Niestety ostatnio odpuściłam sobie ćwiczenia.. I miałam długą przerwę, ale trzeba wziąć się w garść!!! Już wczoraj z córcią wykonałyśmy "Turbo spalanie". Co prawda ćwiczenie z moją iskierką wcale nie należy do łatwych czynności bo po 10 minutach zaczyna się wchodzenie mamie na plecy i okrzyk "IHAA" ale daję radę :D mam dodatkowe obciążenie. 
Oczywiście po przerwie od ćwiczeń nie wytrzymałam do końca, ale pół godziny zaliczone. Dzisiaj jak tylko mój szkrab wstanie bierzemy się do roboty.. 
Zmotywowało mnie moje zdjęcie sprzed ciąży muszę dojść do takiej formy, a nawet lepszej!! Stanę na rzęsach, ale to zrobię!! Koniec wymówek udało mi się dwa bite miesiące ćwiczyć to czemu mam teraz nie dać rady?! 
Najbardziej motywują zdjęcia pięknych płaskich brzuchów, moja druga połówka się śmieje, że jestem chyba bi bo często oglądam zdjęcia kobiet :P Ale tutaj chodzi tylko i wyłącznie o ich brzuchy i motywację, że też tak mogę!!


Tak też chcę!!!!!!! Co prawda piersi takich sobie nie wyrzeźbię, ale brzuch czemu nie!!! 



Do dzieła!!! WORK FOR IT!!

piątek, 31 maja 2013

No to czas na efekty..

Oczywiście moja systematyczność przeraża mnie samą, ale mam wytłumaczenie jestem zaganianą mamą więc mogę sobie pozwolić na takie przestoje i to jest nawet zrozumiałe :D
Postanowiłam w końcu zadbać o swoje ciało, które nie ukrywam uległo paru zmianą po ciąży, wagi sprzed ciąży nie osiągnęłam do tej pory, właściwie to tylko 3 kg (ale wiadomo ile to znaczy dla kobiety). Sięgnęłam po zestaw ćwiczeń Ewy Chodakowskiej, którą w zasadzie obserwuję od samego początku "rozkwitu" jej kariery i zawsze "pluję sobie w brodę" czemu nie zaczęłam ćwiczyć od dnia kiedy wcisnęłam na jej fanpage "Lubię to!" teraz to bym miała na pewno rewelacyjne ciało.. Jednak od dwóch miesięcy wieczory spędzam z Ewą i jej Skalpelem, a od jakiegoś czasu odważylam się nawet sięgnąć po Turbo.
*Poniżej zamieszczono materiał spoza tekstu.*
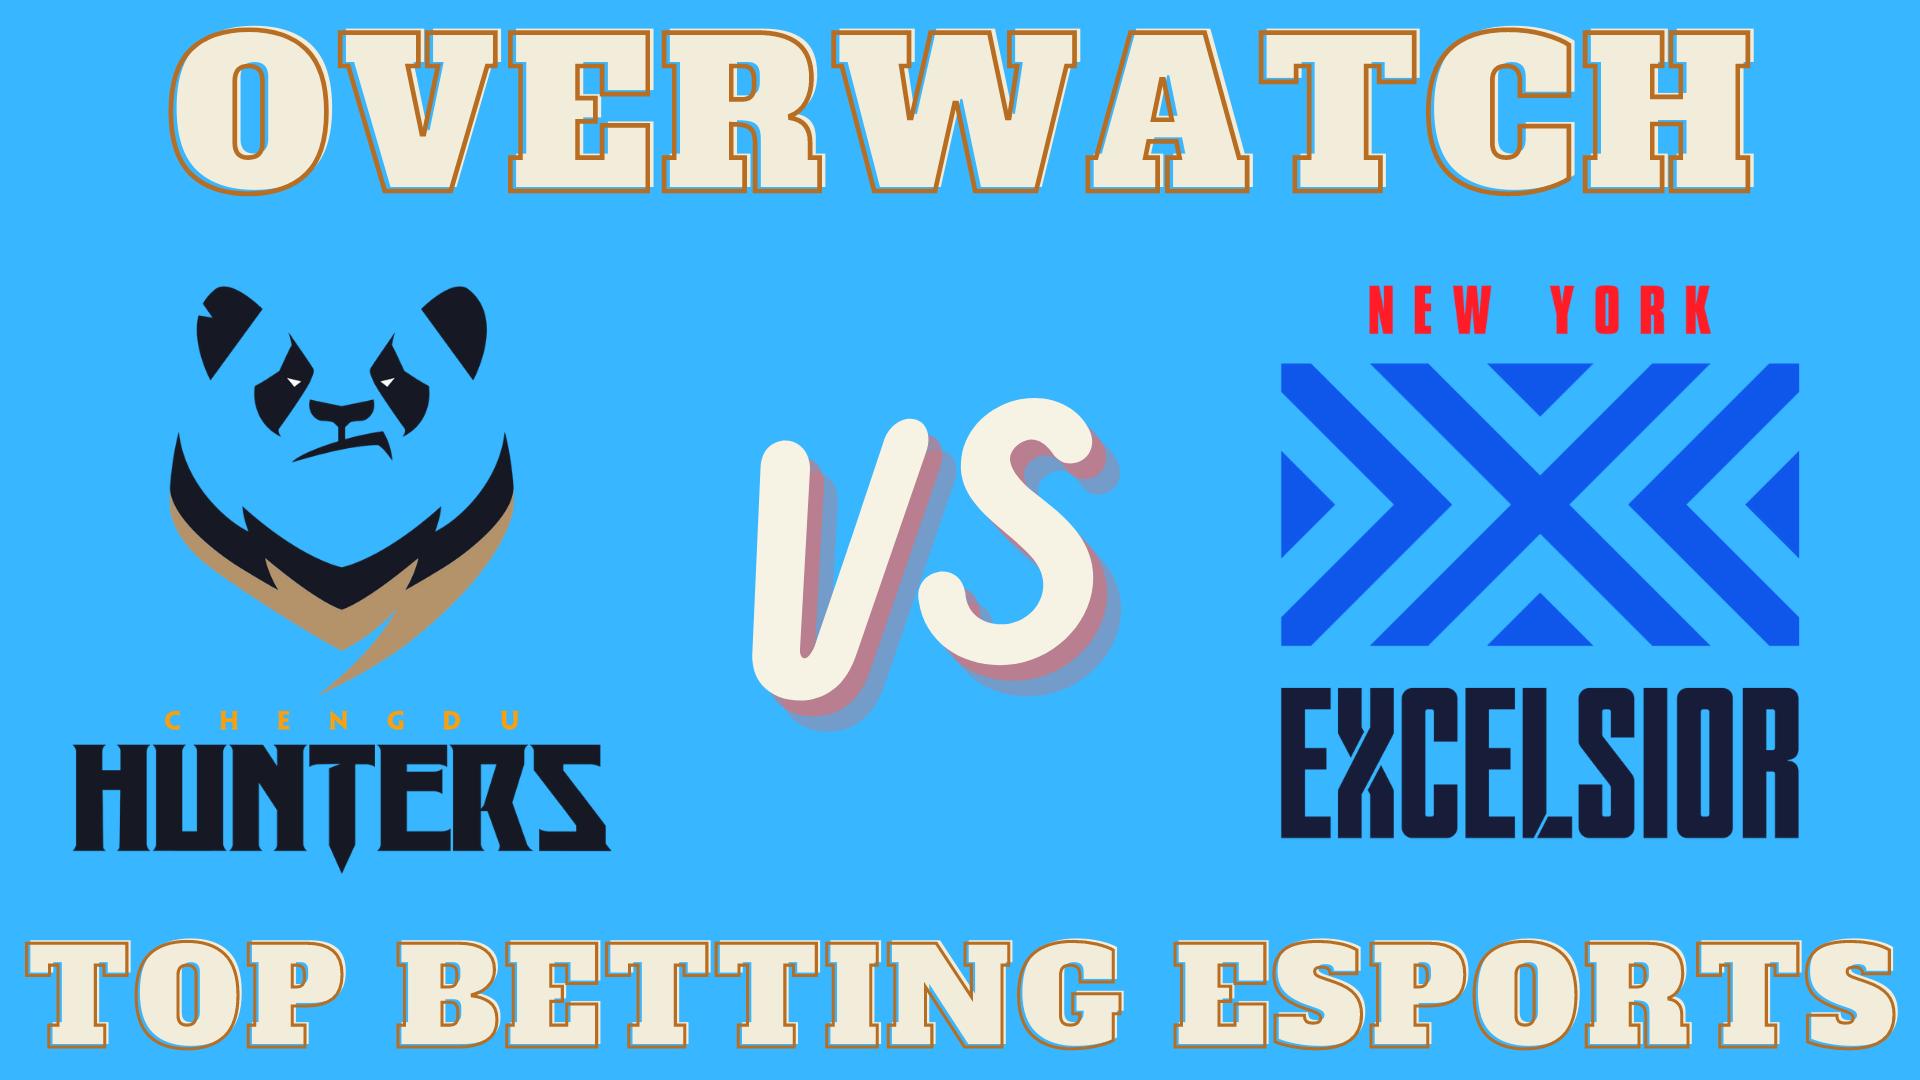 Chengdu Hunters vs New York Excelsior Betting prediction

Efekty widoczne były już po obiecanych dwóch tygodniach, oczywiście efekty widoczne tylko przezemnie pierwsze zarysy mięśni. Po miesiącu chciałam jeszcze więcej i zaraz zaczynam trzeci miesiąc zmagań. 
Oto moje wymiary PRZED:
Talia: 73cm
Pas: 89cm
Udo: 54cm
 
Wymiary PO dwóch miesiącach:
Talia: 64cm
Pas: 80cm
Udo: 51cm
 
 
 
Moją zmorą są "boczki", ale im też dam radę! Zdjęcia po złączeniu zrobiły się niewyraźne, nie wiem czemu.. Ale już nie chce mi się kąbinować :) Teraz zaczynam kolejny miesiąc i jestem przekonana, że na pewno się uda!!! Czas pokochać siebie i zmienić nastawienie do życia.!!

środa, 20 marca 2013

Cytat



Aby mieć ładne usta, wypowiadaj miłe słowa, 
aby posiadać piękne oczy, poszukuj dobra w ludziach, 
aby mieć szczupłą figurę, podziel się swoim jedzeniem z głodnymi, 
aby posiadać wspaniałe włosy, pozwalaj dziecku przeczesywać je palcami raz dziennie, 
aby zachować równowagę, podążaj z wiedzą, z którą to nigdy nie będziesz iść sam.

wtorek, 19 marca 2013

"Prawdziwa miłość to nie związek idealny, bo taki nie istnieje.."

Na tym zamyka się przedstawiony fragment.